RECORDS FOR PROCESSING
- - - - -

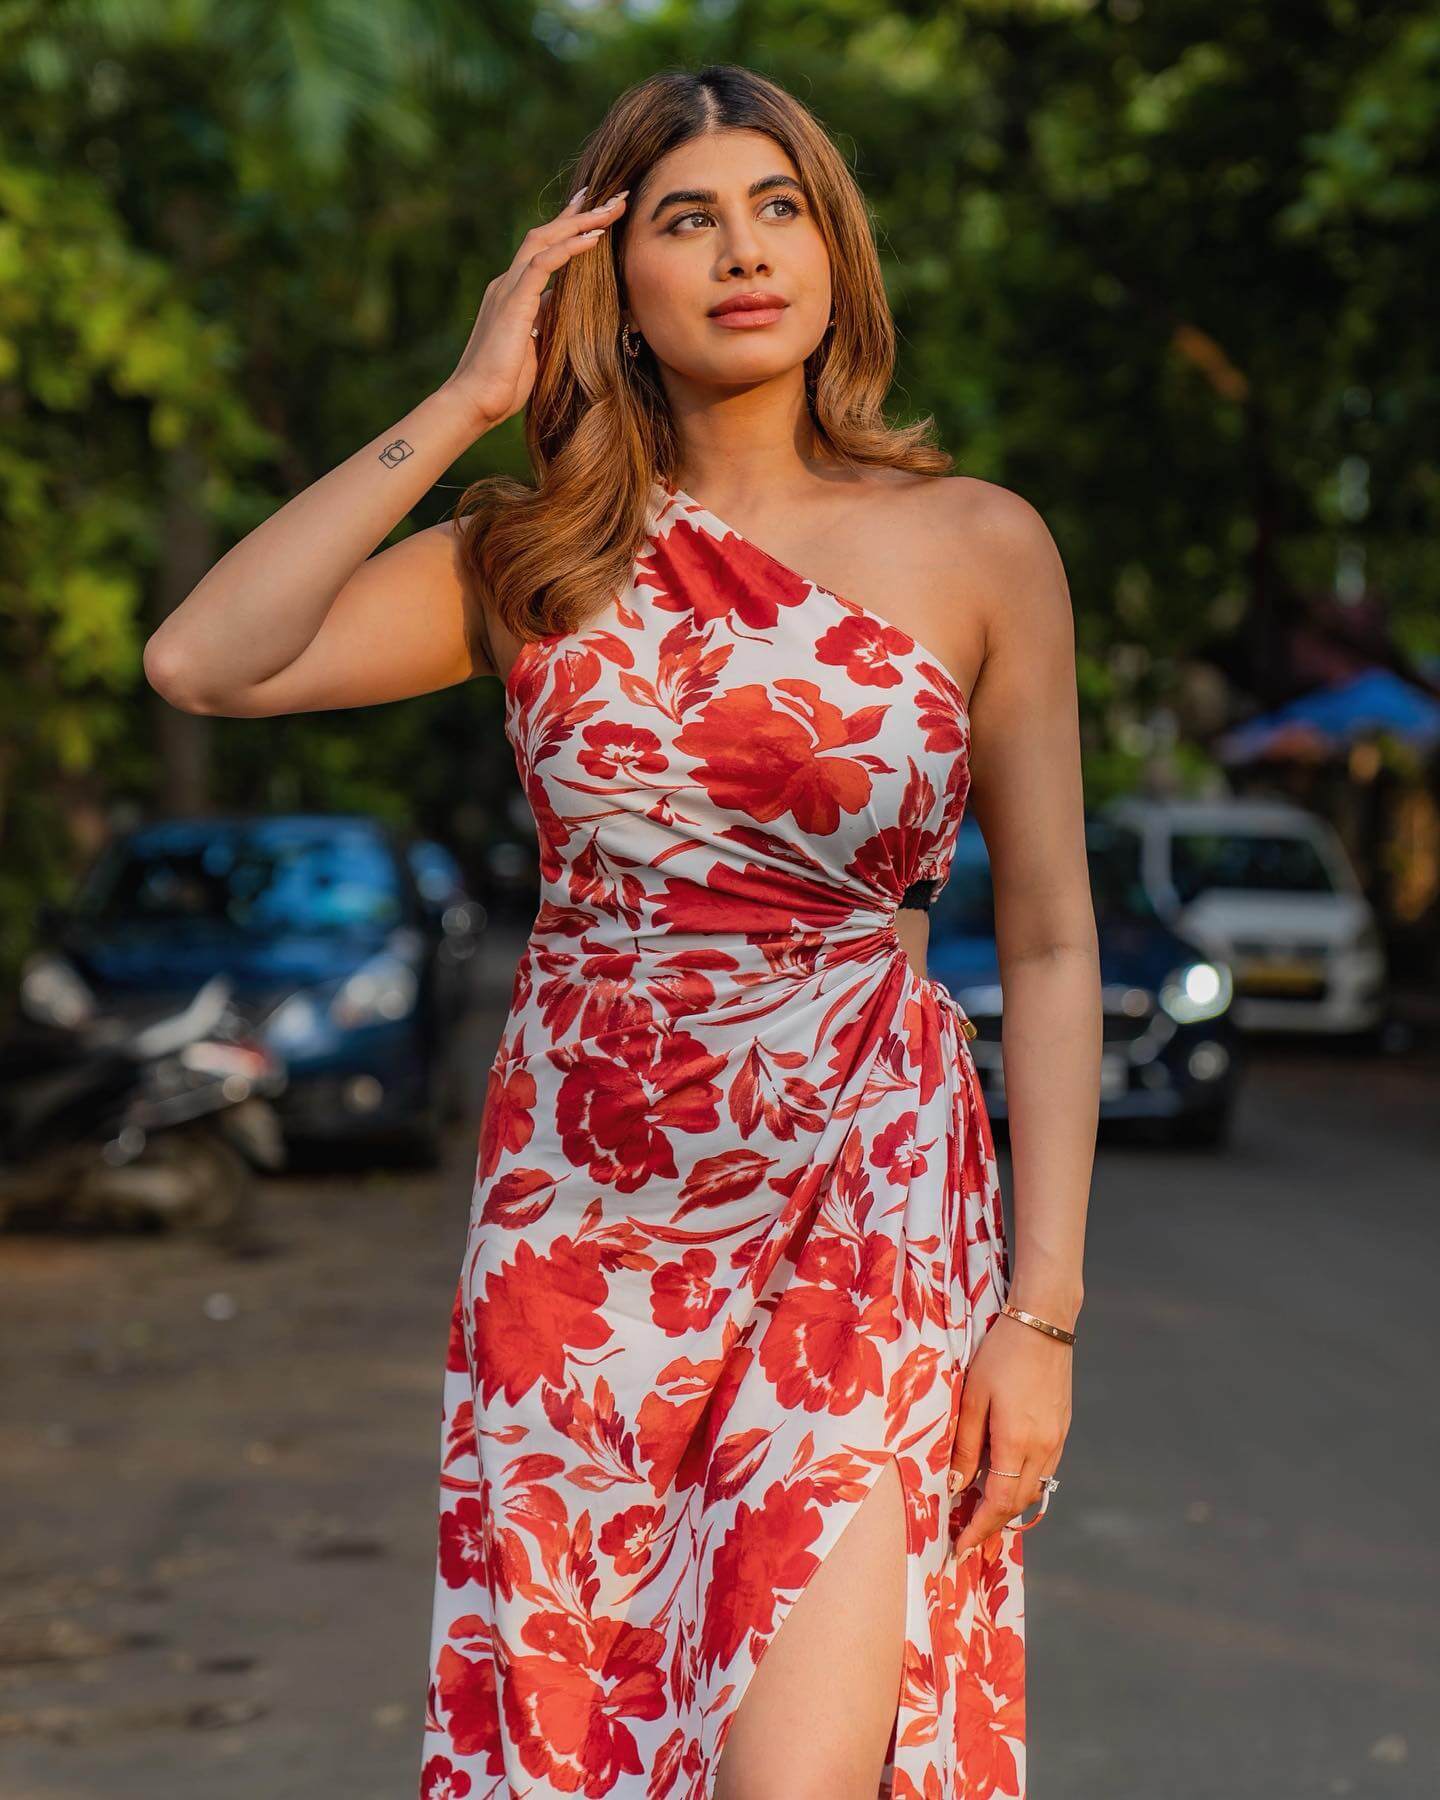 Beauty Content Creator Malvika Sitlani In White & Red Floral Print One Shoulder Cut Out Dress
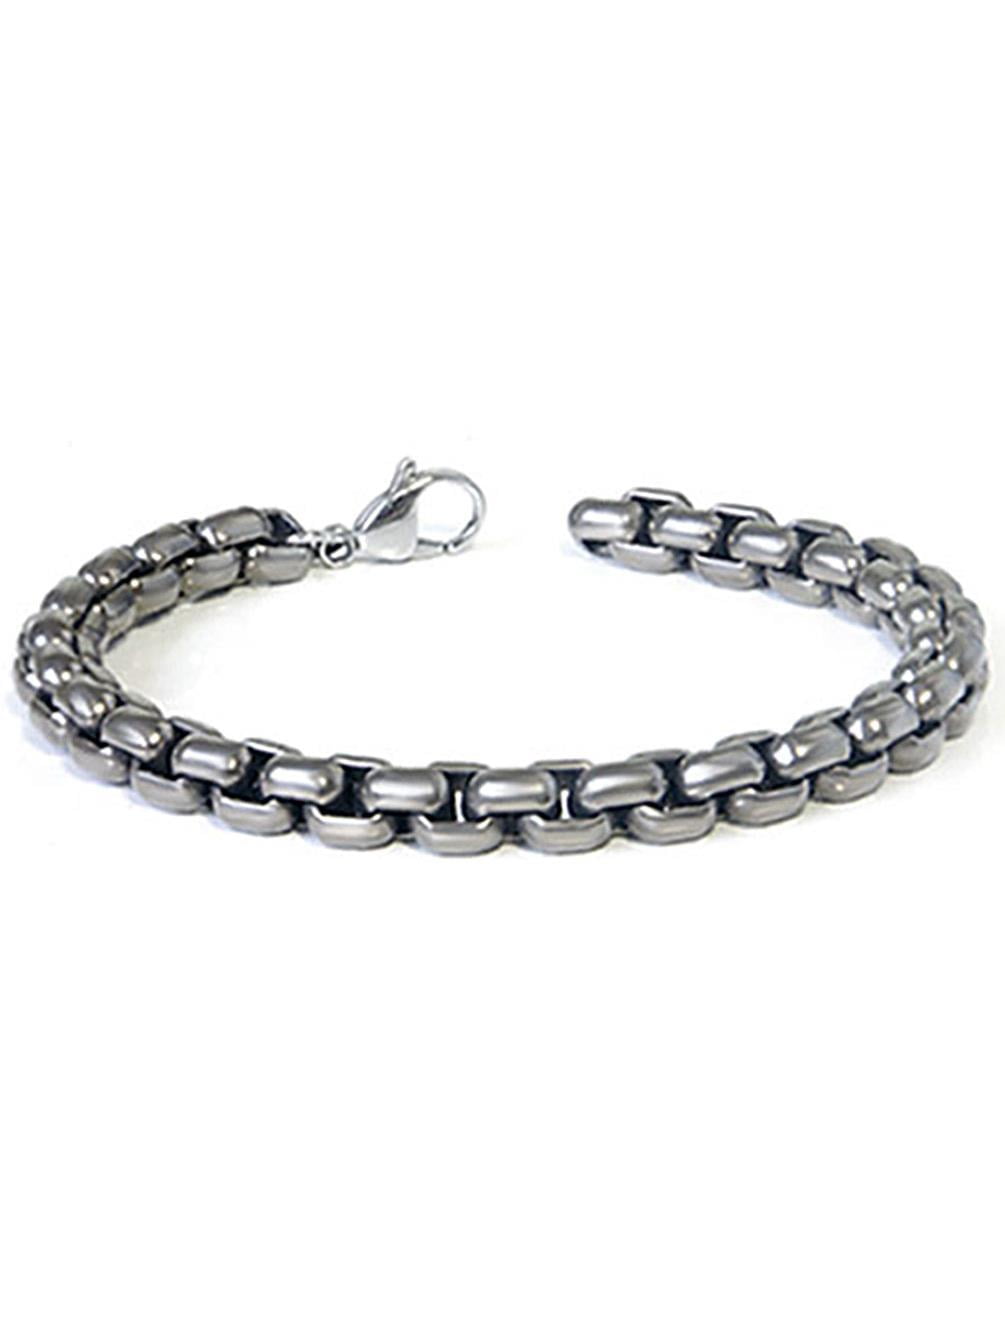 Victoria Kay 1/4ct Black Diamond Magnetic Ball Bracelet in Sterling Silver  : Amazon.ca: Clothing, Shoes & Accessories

- - - - -

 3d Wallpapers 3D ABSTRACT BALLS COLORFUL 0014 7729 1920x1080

- - - - -

All lines above starting at the one with "Beauty Content Creator" and ending at the one with "Victoria Kay 1/4ct", inclusive, are to be printed again exactly, with the pictures left out.

 Beauty Content Creator Malvika Sitlani In White & Red Floral Print One Shoulder Cut Out Dress
 Victoria Kay 1/4ct Black Diamond Magnetic Ball Bracelet in Sterling Silver  : Amazon.ca: Clothing, Shoes & Accessories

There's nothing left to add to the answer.